The above query simply begins watching the queue and each flow that is completed on the system will send an event to the query. We are looking for a specific flow though which was stored in the collection variable above. Therefore we filter the events by the WHERE condition. Finally we wish to quit the query once a single row is found so we specify a LIMIT of 1 row.

Note the LET _ <= statement. This tells VQL to materialize the query and store the result in a dummy variable. This statement causes VQL to pause and wait for the query to complete before evaluating the next query.

See Materialized LET expressions for more about this.

After this query exits we know the collection is complete. This may take a few seconds if the machine is online or it could take days or week (or even eternity) to wait for the machine to come back online.

The final step is to read the results of the collection. We can do so in VQL using the source() plugin. This plugin reads collected json result sets from the server and returns them row by row.

SELECT * FROM source(
   client_id=collection.request.client_id,
   flow_id=collection.flow_id,
   artifact='Generic.Client.Info/BasicInformation')

Note that if an artifact contains multiple sources we need to specify the exact source we want using the full notation artifact name/artifact source

Putting it all together

We can string all these queries together (note VQL does not require ; at the end of a statement like SQL).

$ pyvelociraptor --config api_client.yaml  "LET collection <= collect_client(client_id='C.cdc70ff1039db48a', artifacts='Generic.Client.Info', env=dict())   LET _ <= SELECT * FROM watch_monitoring(artifact='System.Flow.Completion') WHERE FlowId = collection.flow_id LIMIT 1  SELECT * FROM source(client_id=collection.request.client_id, flow_id=collection.flow_id,artifact='Generic.Client.Info/BasicInformation')"

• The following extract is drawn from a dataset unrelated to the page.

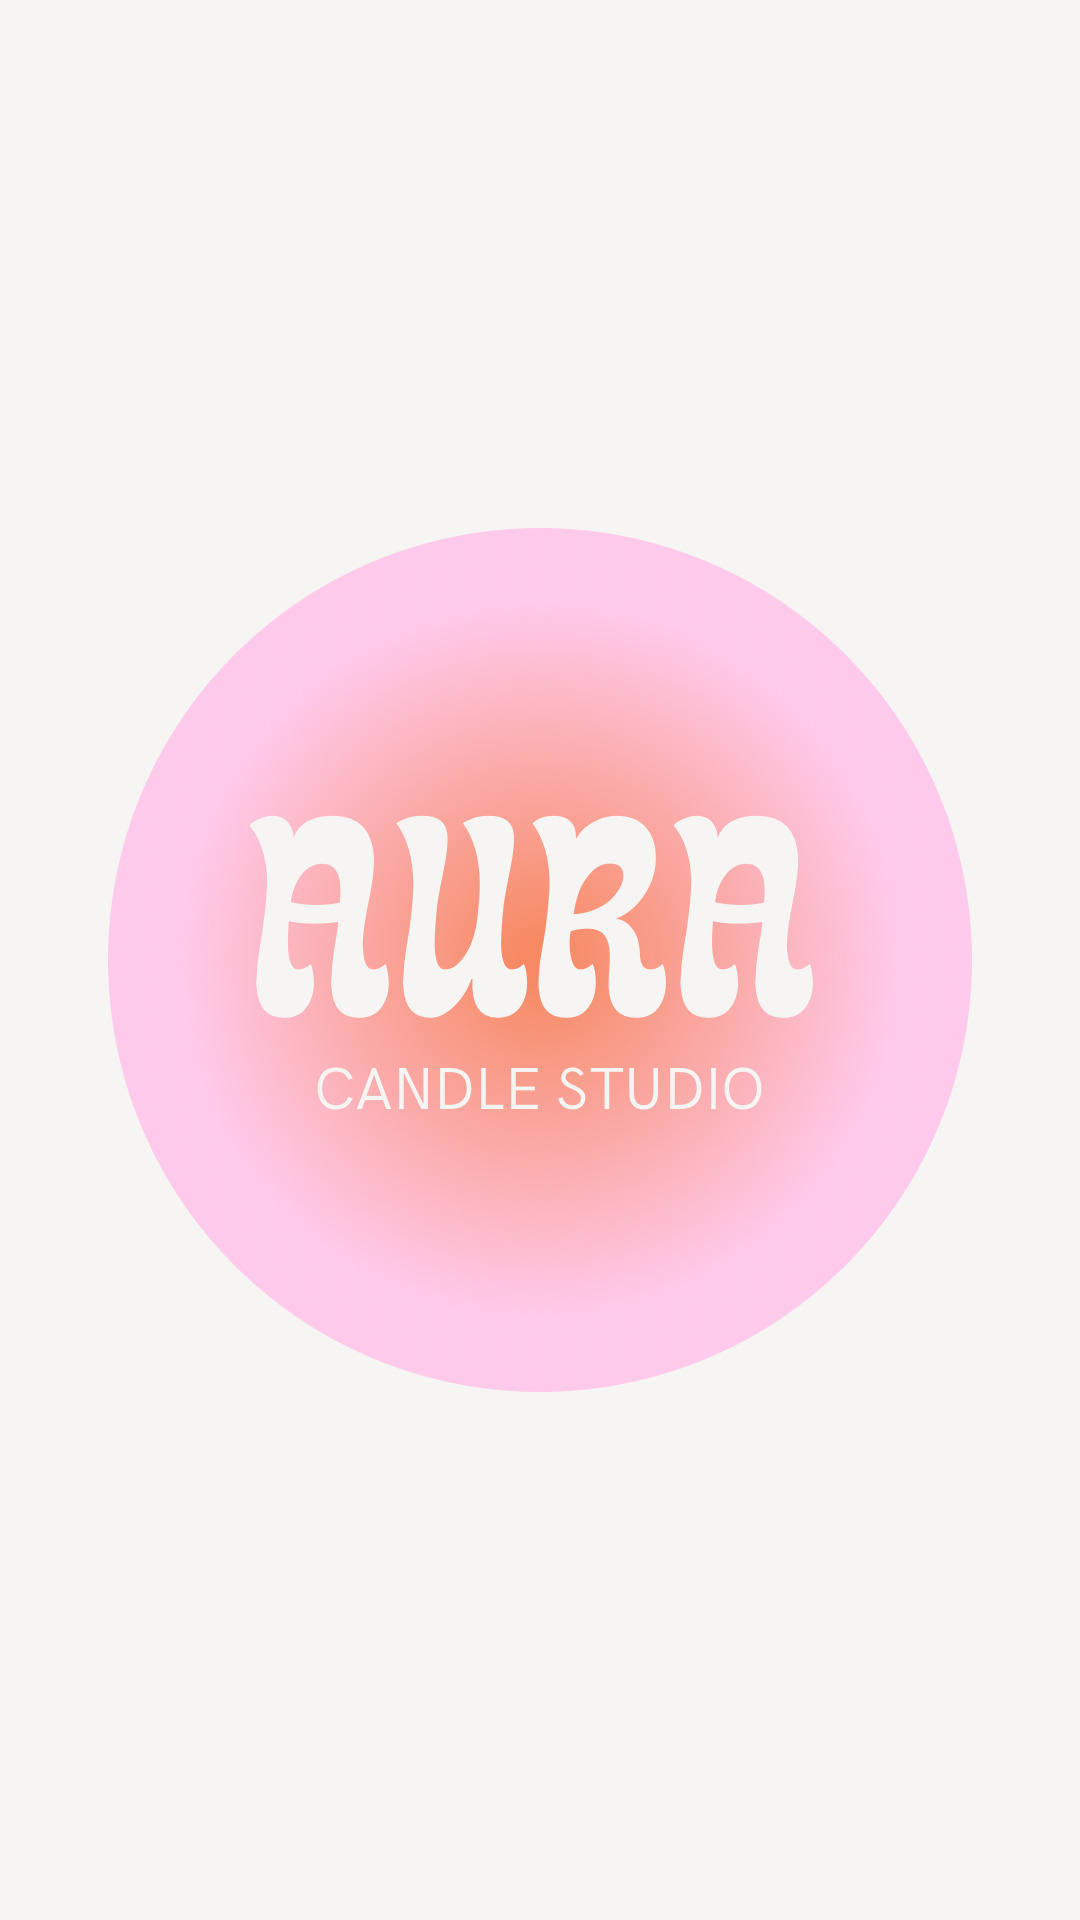 Aura Candle Studio

Sun Nov  7 11:32:29 2021: vql: Starting query execution.
Sun Nov  7 11:32:29 2021: vql: Time 0: Test: Sending response part 0 334 B (1 rows).
[{'Name': 'velociraptor', 'BuildTime': '2021-11-07T01:49:52+10:00', 'Labels': None, 'Hostname': 'DESKTOP-BTI2T9T', 'OS': 'windows', 'Architecture': 'amd64', 'Platform': 'Microsoft Windows 10 Enterprise Evaluation', 'PlatformVersion': '10.0.19041 Build 19041', 'KernelVersion': '10.0.19041 Build 19041', 'Fqdn': 'DESKTOP-BTI2T9T', 'ADDomain': 'WORKGROUP'}]
Sun Nov  7 11:32:29 2021: vql: Query Stats: {"RowsScanned":2,"PluginsCalled":2,"FunctionsCalled":2,"ProtocolSearch":0,"ScopeCopy":9}

The above query demonstrates a common use case for the API - notifying an external script of an event occurring on the server. For example external python scripts can be notified when a specific artifact is collected, inspect its results, and upload them to further processing to an external system or escalate alerts for example.

The API connection will simply block until an event occurs allowing you to create a fully automated pipeline based off Velociraptor collections, hunts etc.

The pyvelociraptor GitHub repo contains several examples demonstrating how to perform common tasks.